Images of fava seeds were captured using a table scanner (HP Scanjet 2004), set to true color mode, arranged upside down inside of an aluminum box fully closed during the capture of the images for an adequate illumination and prevention of environmental noises. The process was carried out using a resolution of 300 dots per inch (DPI), and the resulting image was saved as a Joint Photographic Experts Group (JPEG) file with resolution of 2550 × 3510 pixels (Figure 1).

Figure 1
Images of seeds of fava genotypes.

One-hundred seeds of each genotype were randomly selected and arranged on blue paper, with a basis weight of 120 g m-2. This color was selected in initial tests that showed a higher contrast between seeds of the 10 genotypes and the image background, facilitating the segmentation process in the evaluation step.

Segmentation and extraction of data

After the capture and storage, the images were analyzed through the following steps: the first step for the analysis was the plotting of spectral data: red, green, and blue (RGB); and RGB indexes (BI, SCI, BGI, HUE, VARI, SI, NGRDI, GLI, BIM, and HI) to choose the index that better represented the objects in the images (seeds and background) for later segmentation. The second step of analysis consisted of choosing the background removal index, evaluating which histogram had the best index (SI), and defining the cut value to separate the background from the seeds.

The third and last step of analysis was carried out after the removal of the background and isolation of seeds; the RGB spectral data and biometric data of seeds were extracted (Table 2).

Table 2
List of colors and biometric variables obtained through image analysis of fava (Phaseolus lunatus L.) seeds.

The RGB color model uses the primary colors red, green, and blue, with each component varying in an interval between 0 and 255. The combination of these spectra forms secondary colors, such as cyan (green + blue), magenta (red + blue), and yellow (red + green) (WANG et al., 2020WANG, T. et al. A feasible image-based colorimetric assay using a smartphone RGB camera for point-of-care monitoring of diabetes. Talanta, 206: 1-5, 2020.). When the 3 channels (RGB) have maximum value (255), the color is white, and when they have the minimum (0), the color is black (WANG et al., 2016WANG, J. et al. Theta-modulated generation of chromatic orbital angular momentum beams from a white-light source. Optics Express, 24: 1-6, 2016.).

Exploratory analysis of the data

The exploratory analysis of the data obtained was used to subsidize the understanding of the numeric and statistical nature of the variables used in the machine learning models. Summarized statistics and violin graphs were developed to evaluate the RGB spectral variables and biometric variables for each genotype.

The violin graph was used to show the data variation, together with their distribution, denoting the dynamics of the genotypes, and dotplot was used to show the distribution and characteristics of the machine learning models used in the work.
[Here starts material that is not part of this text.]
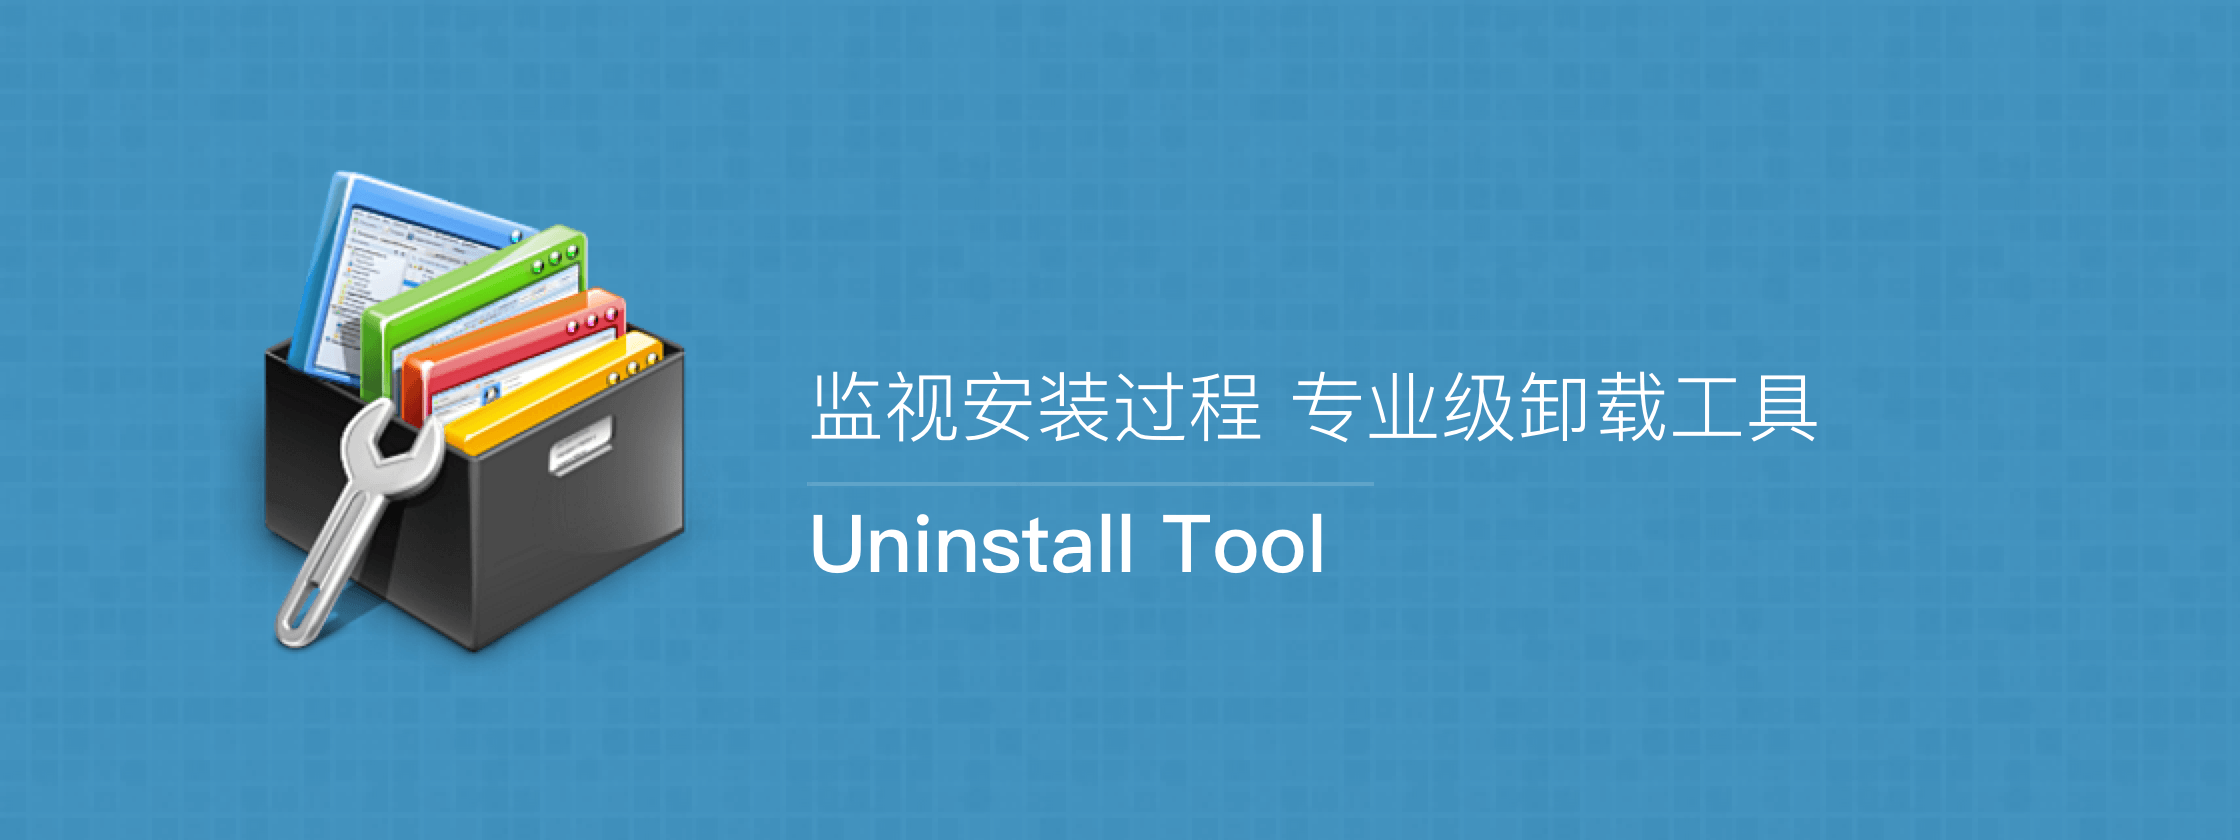 Uninstall Tool 3.7.3.5720 简体中文绿色版（可监控安装过程，专业级卸载软件）

Machine learning models developed

Classification models are important for automatic systems of decision making. There are many algorithms that make this classification process. They can provide different results for different datasets. Thus, using a more adequate classifier, according to the data obtained, is important for the decision making. The following models were used in the present work: K-Nearest Neighbor (KNN), Naive Bayes (NB), Linear Discriminant Analysis (LDA), Support Vector Machine (SVM), Gradient Boosting (GBM), Bootstrap Aggregating (BAGGING), Classification and Regression Trees (CART), Random Forest (RF), and C50.

Validation of the model

The validation of the model, i.e., estimation of the accuracy of the models tested, was carried out using a 10-fold cross validation, in which the dataset was divided into 10 parts (9 for training and 1 for testing) after the release of all combinations of divisions of the training test.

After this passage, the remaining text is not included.